▶ Exercise details
In the entries below, find the line with "A photograph of" and the line with "Crayola Ultra Clean". Return those two lines and all lines between them, exactly.

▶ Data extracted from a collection

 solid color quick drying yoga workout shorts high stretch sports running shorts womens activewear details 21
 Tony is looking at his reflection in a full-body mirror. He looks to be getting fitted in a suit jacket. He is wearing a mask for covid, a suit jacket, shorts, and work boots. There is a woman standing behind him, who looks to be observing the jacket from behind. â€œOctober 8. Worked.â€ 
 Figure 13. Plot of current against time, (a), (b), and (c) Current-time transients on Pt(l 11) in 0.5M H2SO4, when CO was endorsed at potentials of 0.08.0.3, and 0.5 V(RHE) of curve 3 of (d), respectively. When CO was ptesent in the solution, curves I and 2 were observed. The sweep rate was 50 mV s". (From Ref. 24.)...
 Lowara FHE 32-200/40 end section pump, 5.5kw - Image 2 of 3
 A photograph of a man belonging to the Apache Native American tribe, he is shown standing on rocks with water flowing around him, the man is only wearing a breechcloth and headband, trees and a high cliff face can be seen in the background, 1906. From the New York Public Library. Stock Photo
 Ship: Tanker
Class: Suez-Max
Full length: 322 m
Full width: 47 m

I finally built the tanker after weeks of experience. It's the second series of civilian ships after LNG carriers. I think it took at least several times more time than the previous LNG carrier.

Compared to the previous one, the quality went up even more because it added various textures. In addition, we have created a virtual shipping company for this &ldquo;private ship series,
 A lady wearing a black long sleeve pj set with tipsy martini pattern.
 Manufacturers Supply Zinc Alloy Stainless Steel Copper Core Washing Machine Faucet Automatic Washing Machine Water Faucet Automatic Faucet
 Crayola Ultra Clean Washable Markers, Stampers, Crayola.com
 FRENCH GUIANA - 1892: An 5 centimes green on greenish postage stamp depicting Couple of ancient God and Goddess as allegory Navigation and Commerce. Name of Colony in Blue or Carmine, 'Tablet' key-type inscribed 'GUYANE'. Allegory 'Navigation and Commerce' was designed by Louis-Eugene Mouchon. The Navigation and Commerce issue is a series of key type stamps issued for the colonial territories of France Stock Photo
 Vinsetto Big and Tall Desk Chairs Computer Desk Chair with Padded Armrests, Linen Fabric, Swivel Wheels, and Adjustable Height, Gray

▶ Problem solution
 A photograph of a man belonging to the Apache Native American tribe, he is shown standing on rocks with water flowing around him, the man is only wearing a breechcloth and headband, trees and a high cliff face can be seen in the background, 1906. From the New York Public Library. Stock Photo
 Ship: Tanker
Class: Suez-Max
Full length: 322 m
Full width: 47 m

I finally built the tanker after weeks of experience. It's the second series of civilian ships after LNG carriers. I think it took at least several times more time than the previous LNG carrier.

Compared to the previous one, the quality went up even more because it added various textures. In addition, we have created a virtual shipping company for this &ldquo;private ship series,
 A lady wearing a black long sleeve pj set with tipsy martini pattern.
 Manufacturers Supply Zinc Alloy Stainless Steel Copper Core Washing Machine Faucet Automatic Washing Machine Water Faucet Automatic Faucet
 Crayola Ultra Clean Washable Markers, Stampers, Crayola.com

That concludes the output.